I'm having a similar service experience in Boman Acres in the Tulsa area. My personal theory is that the business reached a point where the large portions of infrastructure came due for an upgrade. Instead of upgrading, it became more cost effective to adopt a managed dissatisfaction strategy and only repair the most critical outages as needed. With a certain amount of population movement and limited competition, Cox can adopt a "burn and churn" customer strategy without much pushback.
I routinely get 10-50% of the bandwidth I pay for, I'm fairly certain the node my neighbors and I are connected to is malfunctioning. Between 3 modems over 18 months and more increasingly frequent disconnects, something tells me it's not my equipment. I'm getting sick of not having an alternative provider. Working from home when I have an outage, I have to switch to my mobile phone network to continue working.
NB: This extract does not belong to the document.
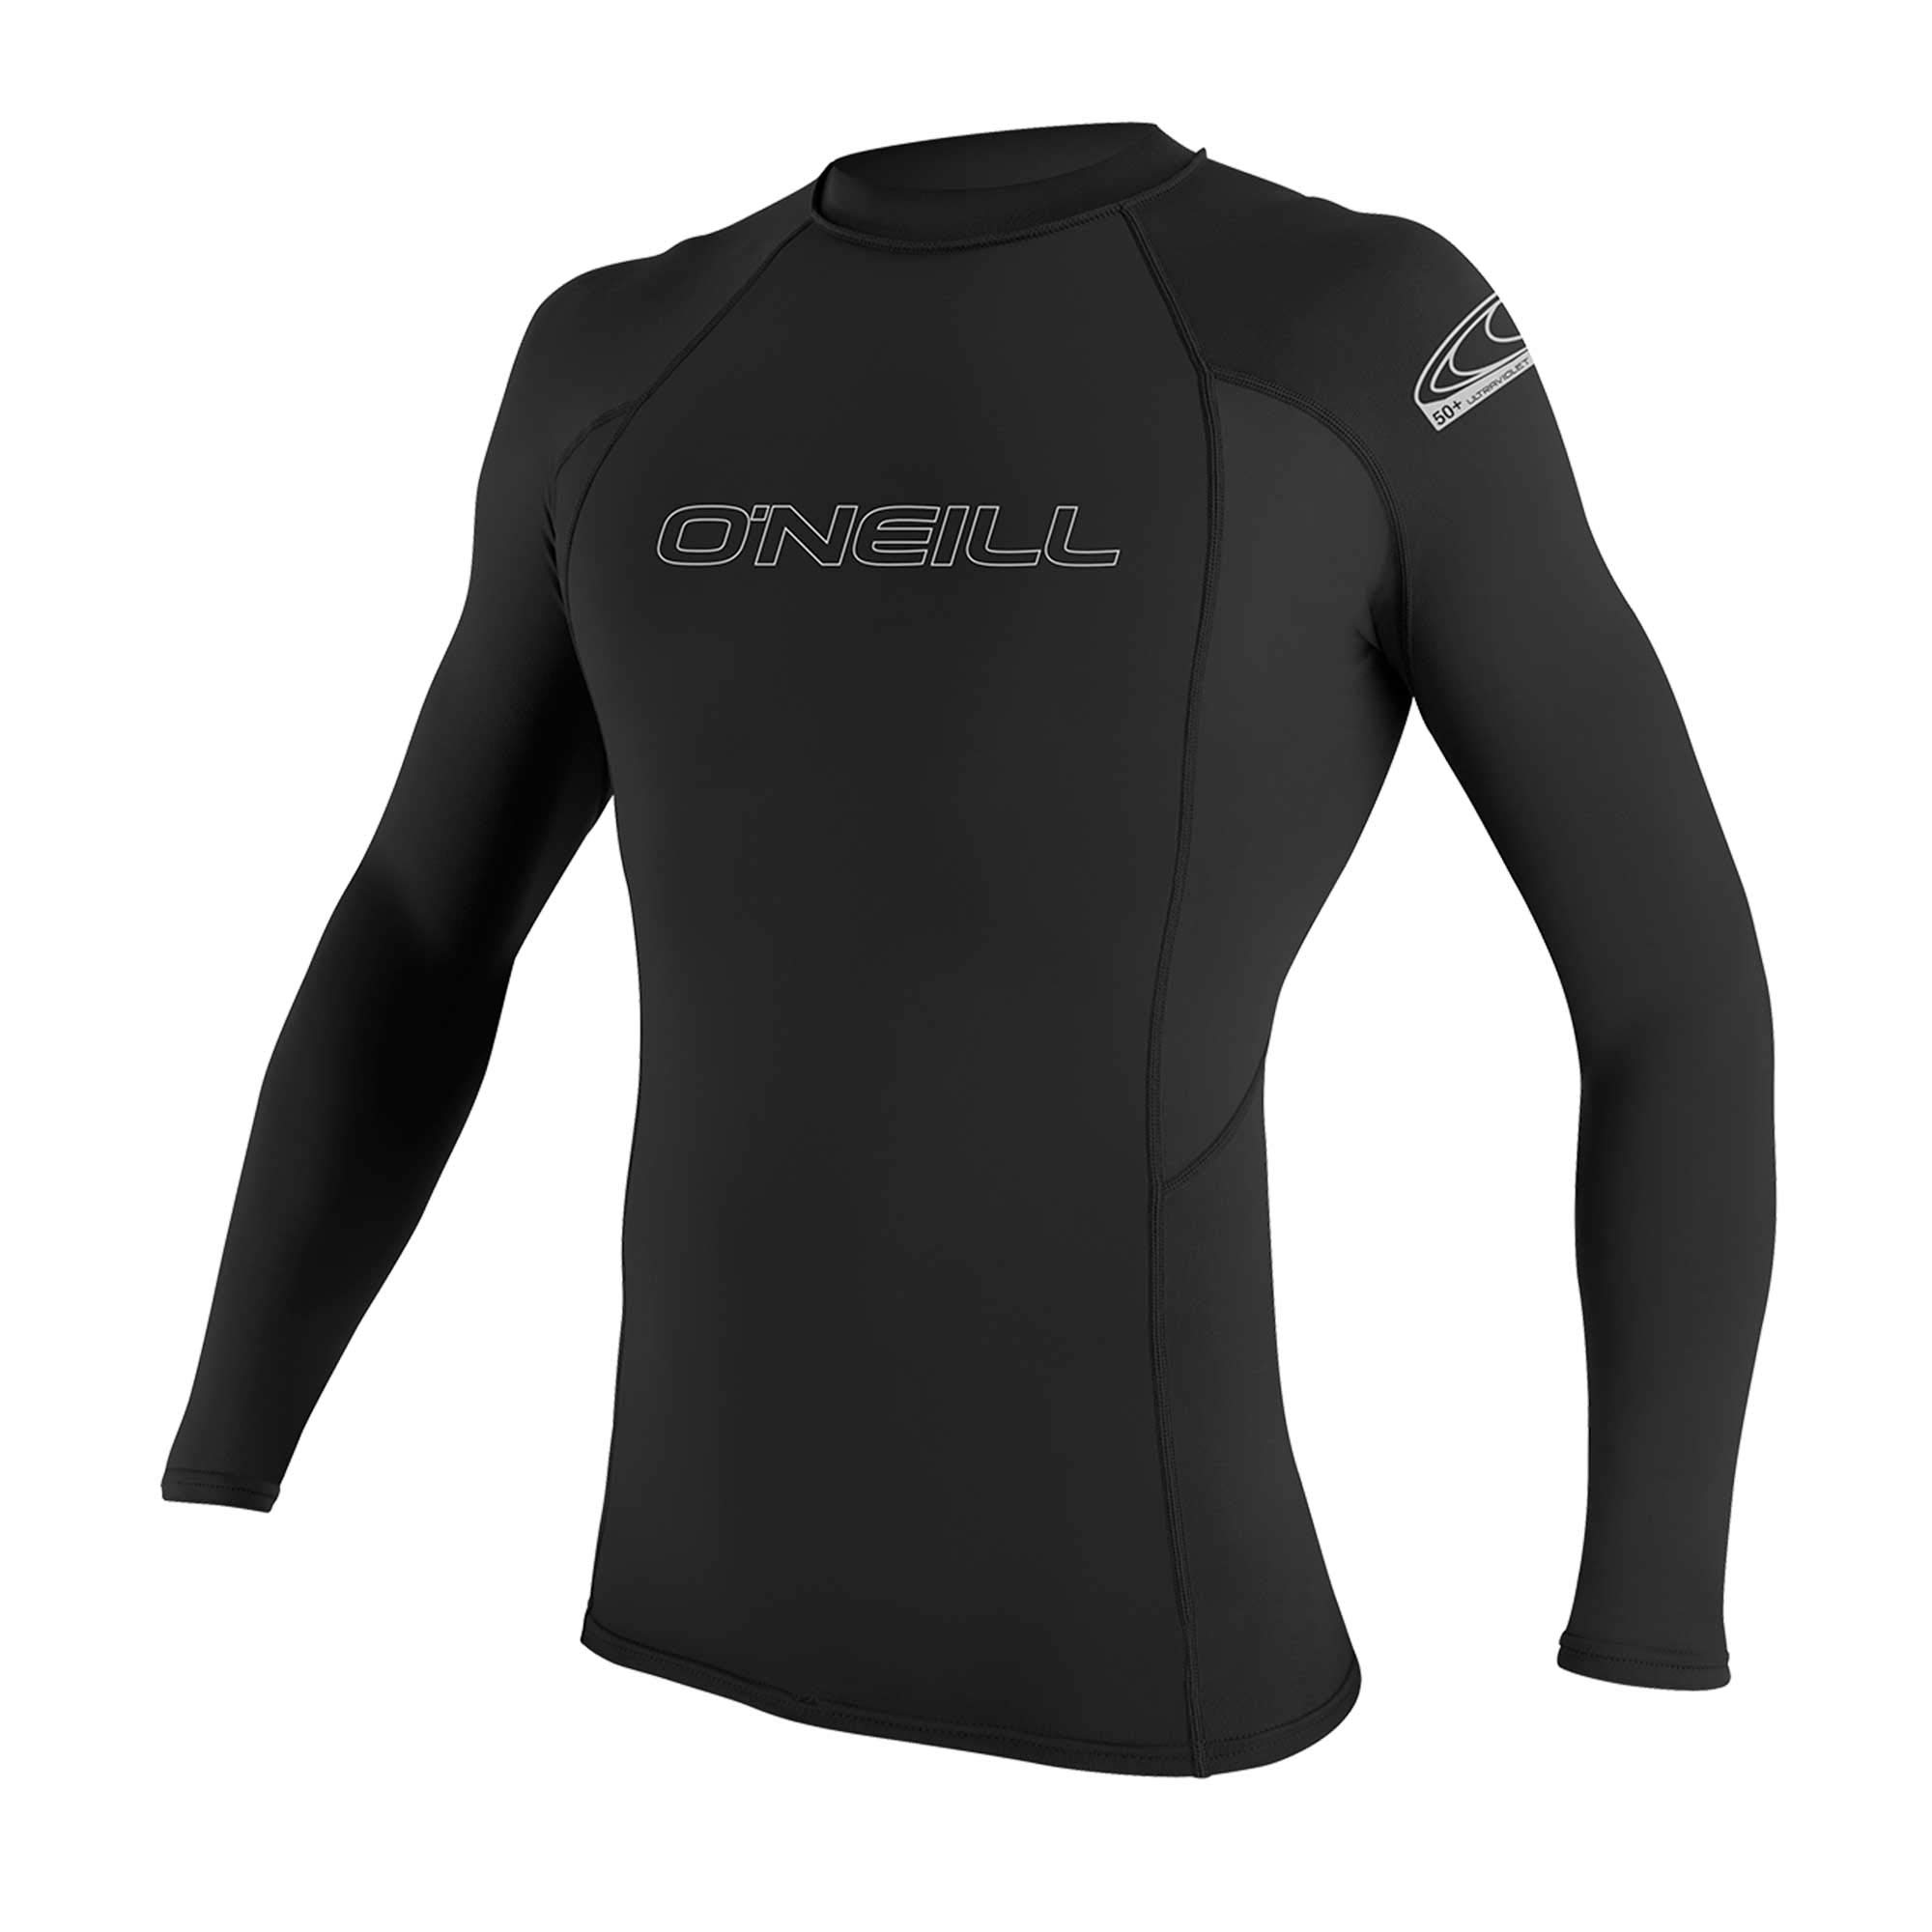 O'Neill Men's Basic Skins UPF 50+ Long Sleeve Rash Guard, Black, Large by O'Neill Wetsuits

Personally, I think Tulsa should look into starting a neighborhood-run municipal broadband initiative and build that out into a larger competing inter-city network. Feed the city of Tulsa consumer usage data and it's a win-win for the city. Doubt it will happen as long as Cox maintains adequate lobbying spending and community sponsorships.
Bottom line, Cox is in dire need of being checked. I never thought I'd hear myself say this but I really hope AT&T continues to expand it's Fiber service coverage area. I'd love to have another provider to go between, because in order to get reasonable service rates you have to ping pong between providers to get "new customer" rates. As if we had much of a choice becoming a Cox customer.
Also what gives with the crappy upload on Gigablast? Seriously, I might upgrade if it offered what it should be.